#02 『幸運を。』
「今日の授業では“リマインテージ”について扱う。」
先生の言葉に心がドキリと音をたてた。
「リマインテージとは簡単に言えば魔力が刻まれた特殊な魔道具のことを言う。」
汗ばむ手の平を膝の上でギュッと握った。
「リマインテージが最初に創られたのは約500年前、魔術史での夕幻時代の頃になる」
ただ教科書を見ながら先生の話を聞くのはなんだか落ち着かなくて、ペンをクルクルと回してみる。やっぱり落ち着かなくて、寮のふかふかベッドに思いを馳せる。
「エリーナ、授業に集中しろ!」
あ、怒られた……。
私の家は由緒正しき魔術師の家系、の分家だ。それこそ本家は夕幻時代の前から続いてる家。分家ではあったけど本家との仲は悪くなくて(寧ろ魔術師の中では仲が良い方だ)、私は幼い頃から本家のお屋敷に行っては本家の子といっしょに遊んでいた。お屋敷には面白い物がいっぱいあった。あちこちに飾られた魔生動物の素材や魔生植物のドライフラワー、空飛ぶカトラリーに開ける度に中の部屋が変わる扉だって!
なんでもあるお屋敷の中でも特に好きだったのは倉庫だった。いろんな物が乱雑に詰め込まれた倉庫はお屋敷の中をギュッと凝縮したみたいでとびきり楽しかったのを憶えている。独りでに喋るパペット人形に自分じゃない誰かが写る鏡、デタラメしか書けない日記帳なんてのもあった。勿論何にもならないガラクタだったけど、まだ幼くてなかなか魔術に触れさせてくれなかったからか倉庫の中は私にとって宝箱みたいだった。
私がそんな中から見つけ出したのは一本の万年筆だった。細かいキズが付いて使い古された万年筆。キズだらけだったけど、小さい頃の私にはそれがとてつもなくカッコよくて、特別に見えて、コッソリとポケットに入れて倉庫から持ち出したんだ。
「リマインテージ、かぁ……」
考えていたことがそのまま口から出て慌てて手で抑えた。危ない、同室のサンドラに聞かれてたら変に見られるところだった。

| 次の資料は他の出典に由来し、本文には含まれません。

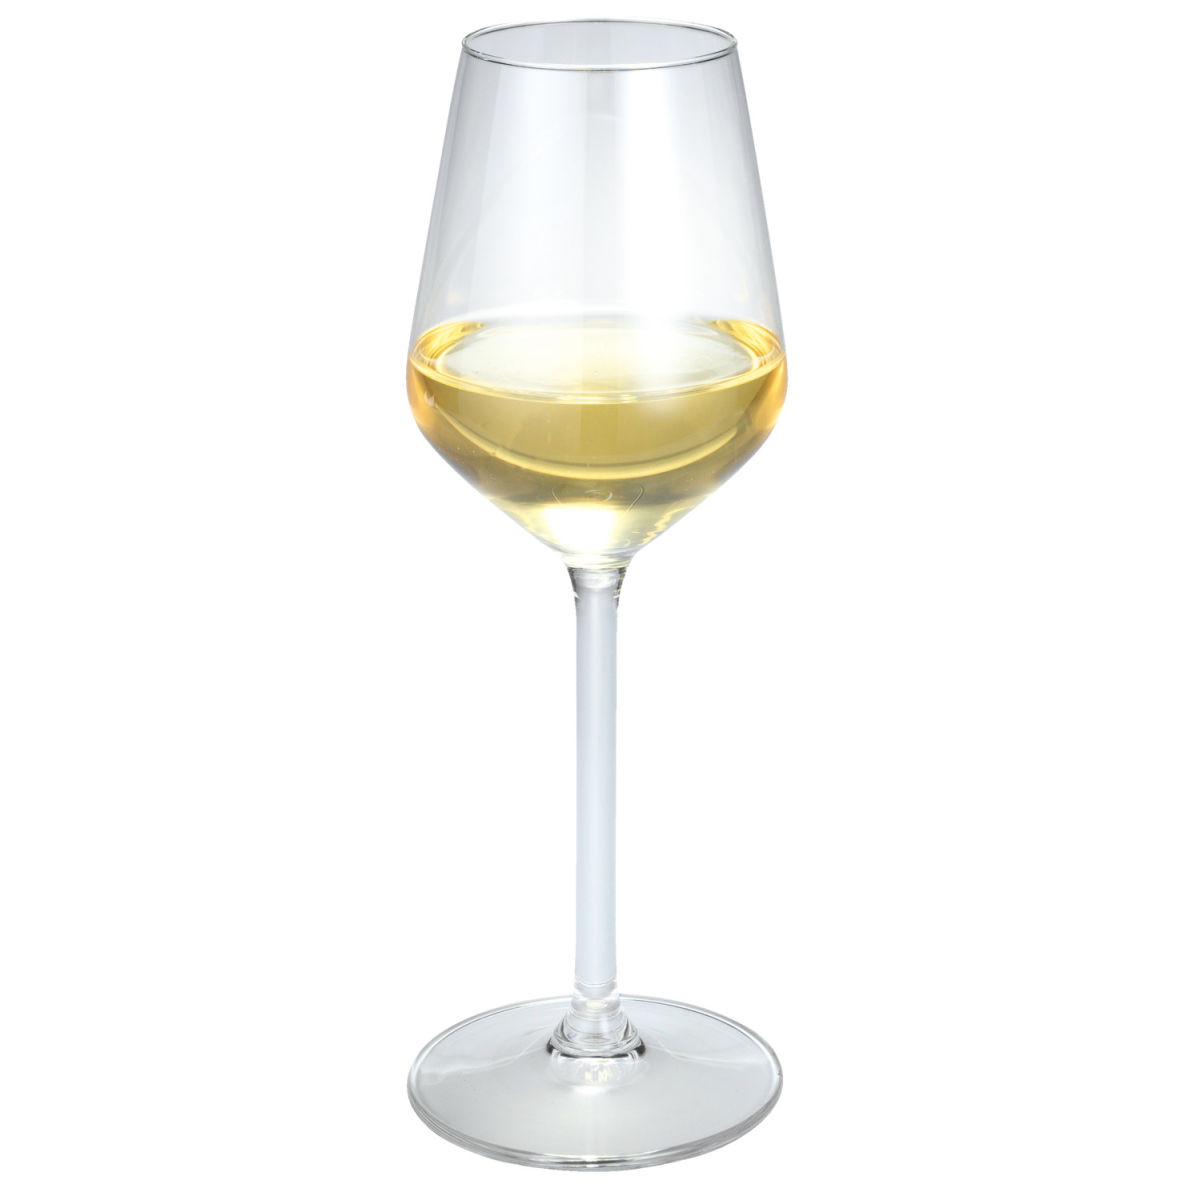 Royal leerdam Witte wijnglas Carré zonder vulstreepje; 290ml, 5.5x20.7 cm (ØxH); transparant; 6 stuk / verpakking

リマインテージ。すごーく昔に作られた特殊な魔道具。それを作る技術は第一次魔術大戦の時に消失してしまったらしい。私はこの万年筆がリマインテージではないかと疑っていた。
この万年筆は特別だった。この万年筆で文章を書くと、絶対最後に『Good luck.』と締めくくってしまうのだ。数式を解いてるときも、魔術式を書いているときも、日記を書いているときも手紙を書いているときだって。最初は私の思い通りに動くのに最後の最後で勝手に動いて『Good luck.』と書いてしまう。数式の最後に書かれた『Good luck.』なんて、ちょーダサかった。誰にも見せなかったけど、一人でずーっと笑えた。今だって思い出し笑いができるくらい、ダサかった。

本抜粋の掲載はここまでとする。